▸ Task objective
The lines below, from the one holding "American Anti-Police Brutality" through the one holding "校園書房 Campus Books", are to be restated word for word, with all images left out.
====== Exercise material ======
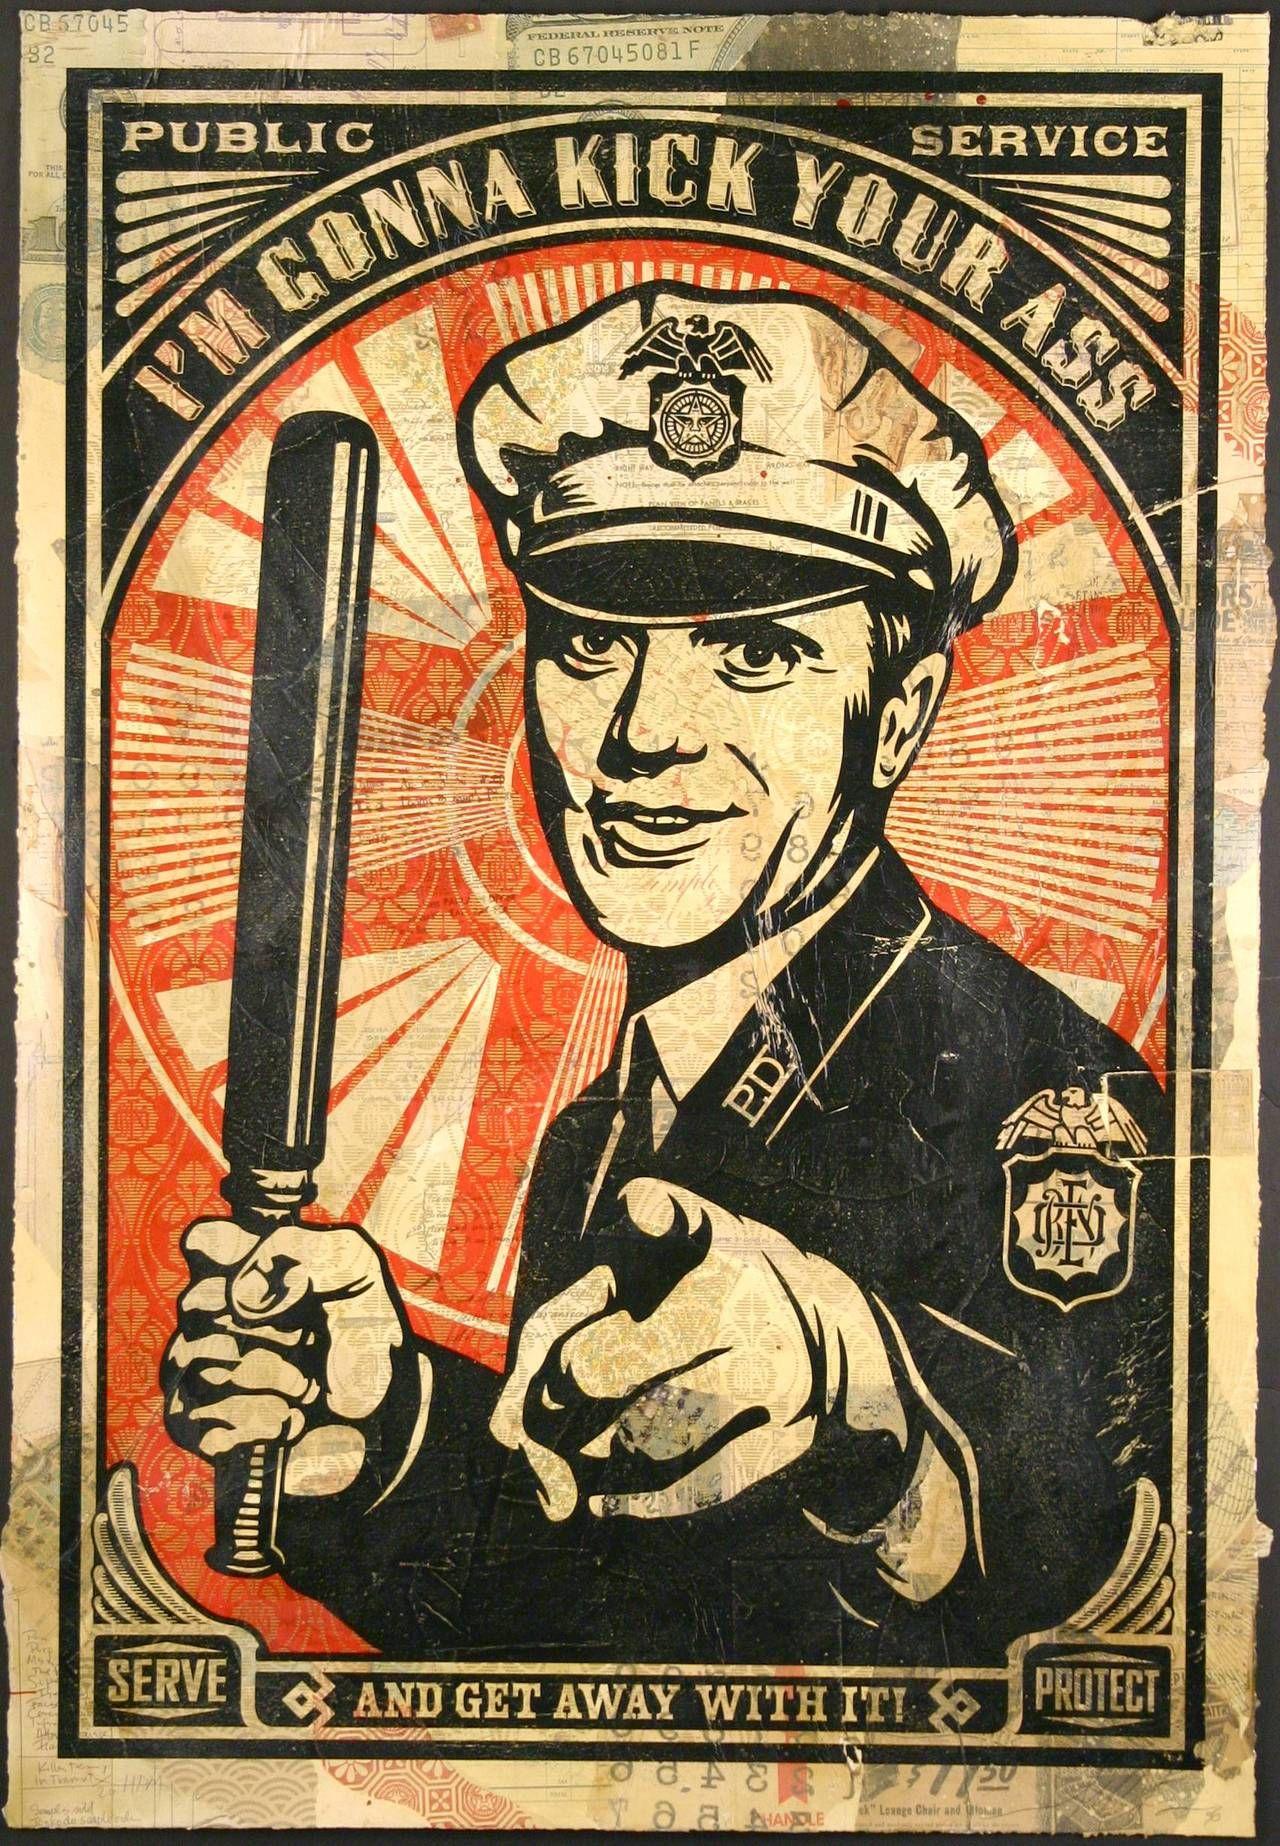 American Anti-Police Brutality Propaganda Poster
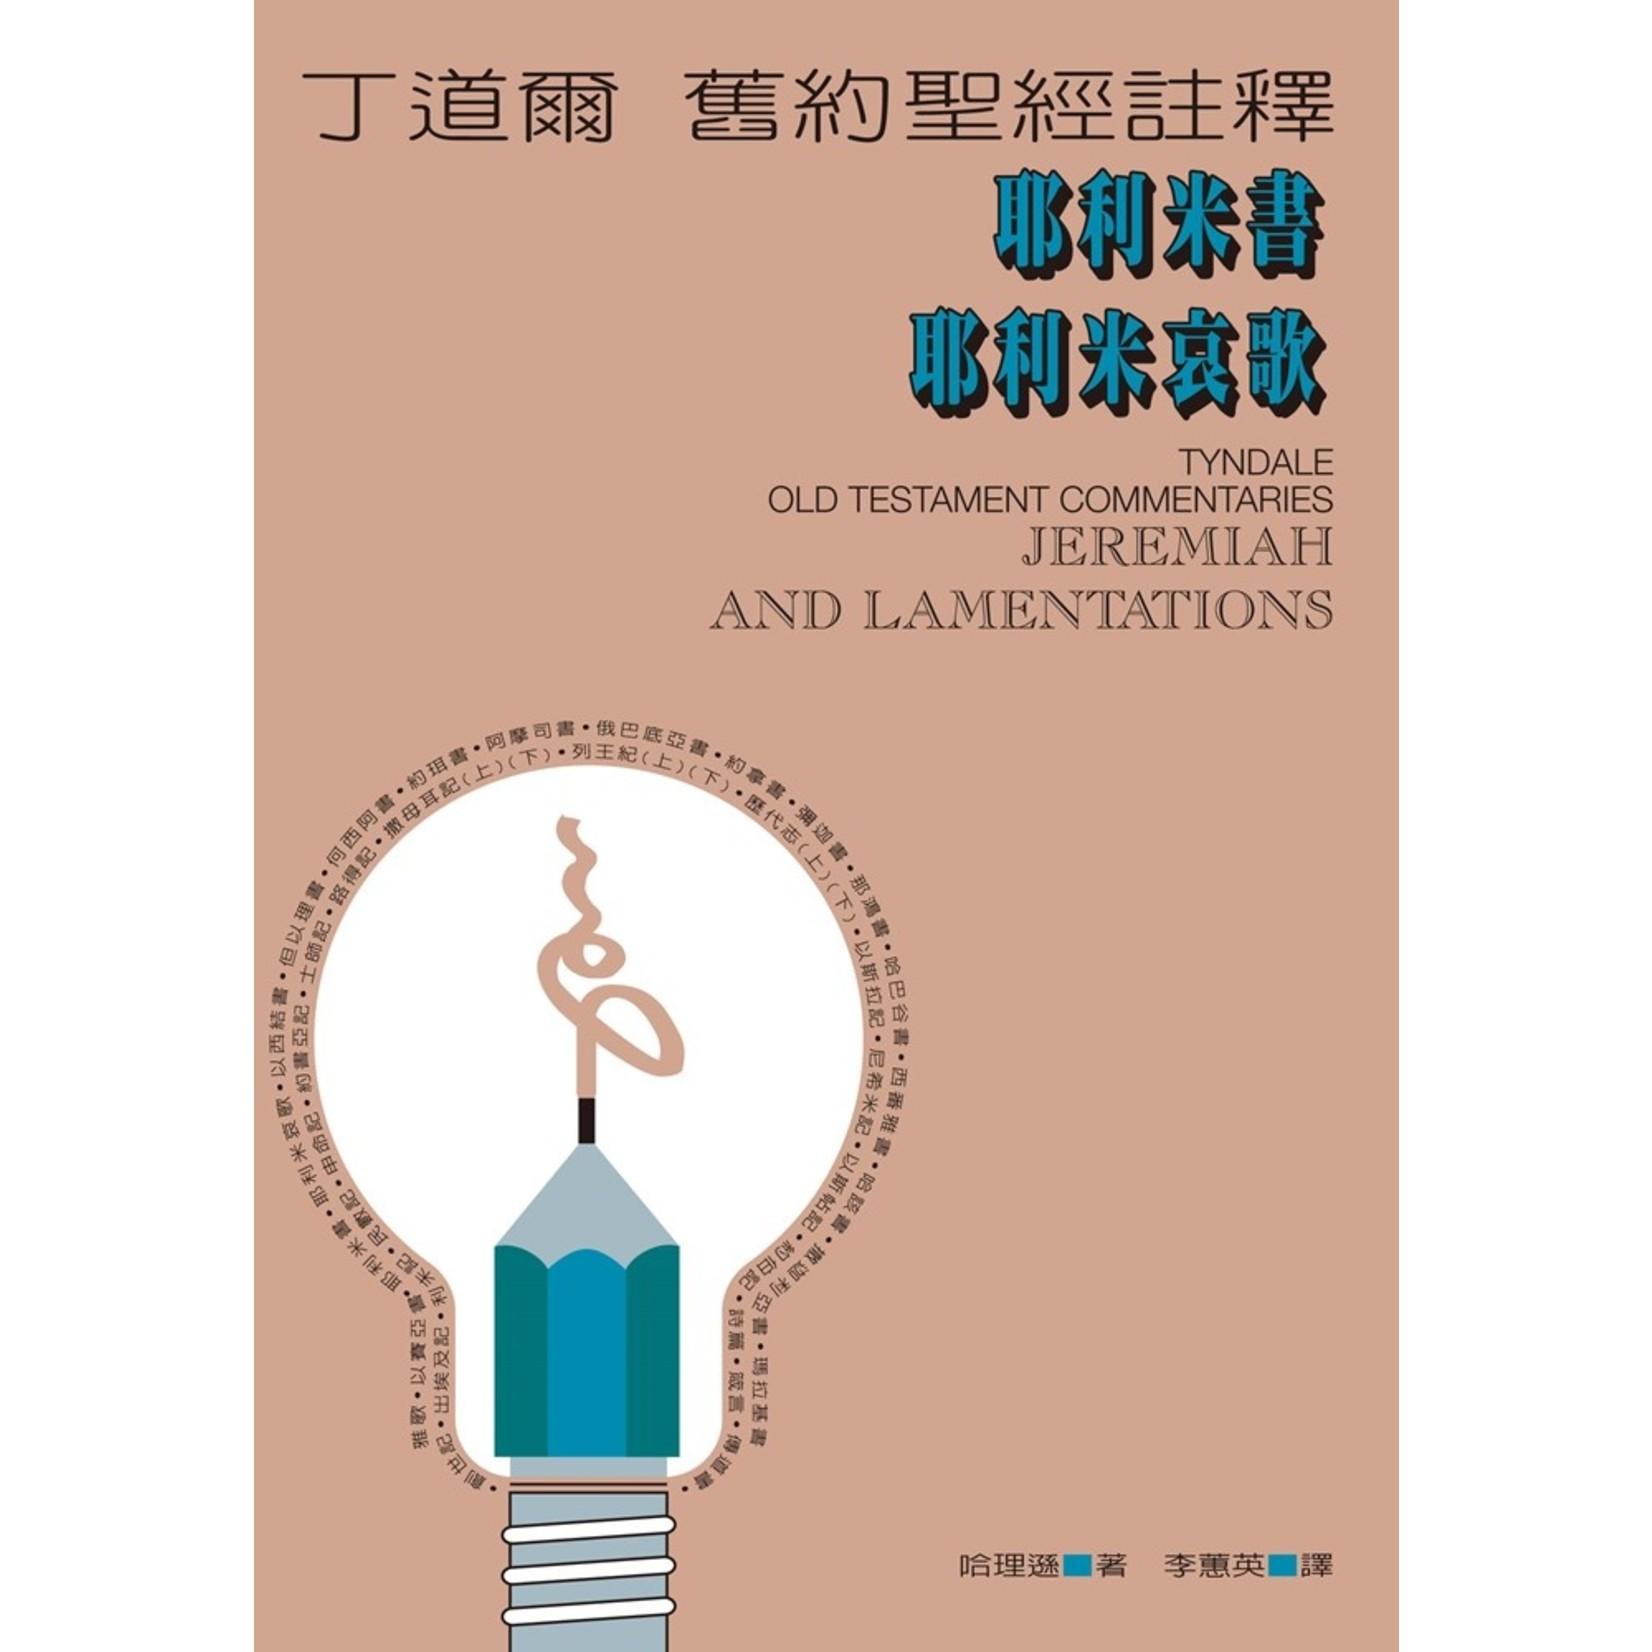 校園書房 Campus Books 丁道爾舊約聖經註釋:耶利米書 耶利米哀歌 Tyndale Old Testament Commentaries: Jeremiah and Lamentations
======
====== Exercise material ======
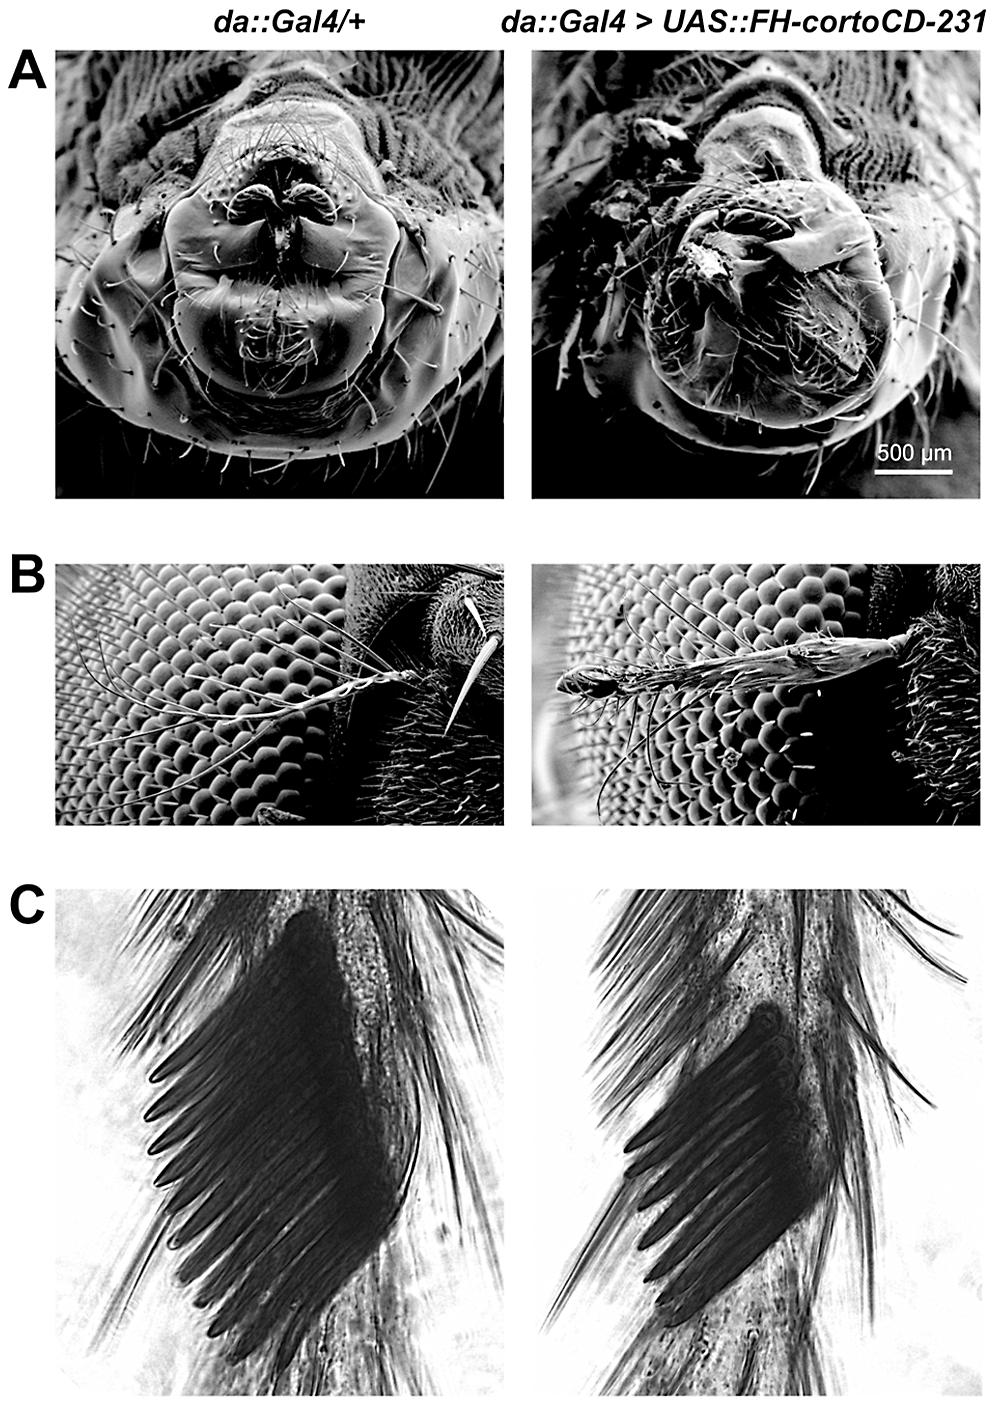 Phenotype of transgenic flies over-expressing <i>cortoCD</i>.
======
====== Exercise material ======
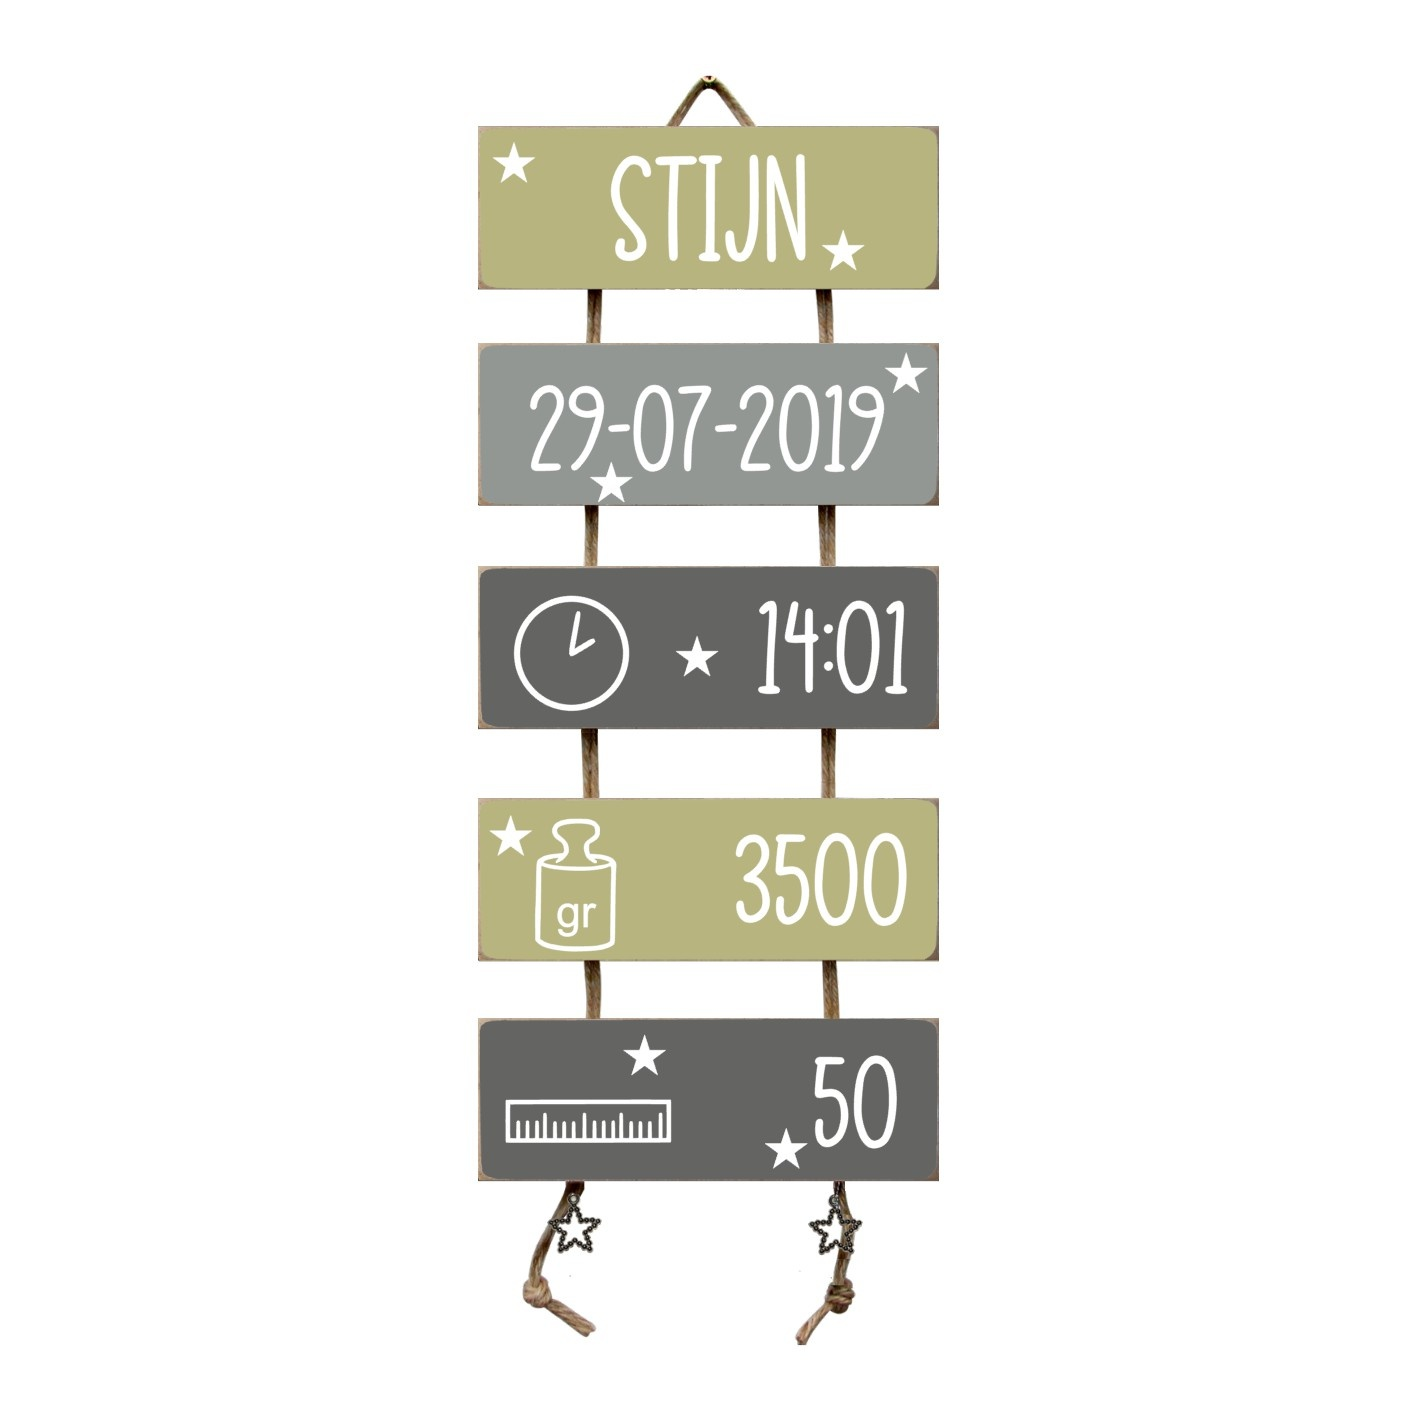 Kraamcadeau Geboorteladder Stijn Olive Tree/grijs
======
▸ Response below
 American Anti-Police Brutality Propaganda Poster
 校園書房 Campus Books 丁道爾舊約聖經註釋:耶利米書 耶利米哀歌 Tyndale Old Testament Commentaries: Jeremiah and Lamentations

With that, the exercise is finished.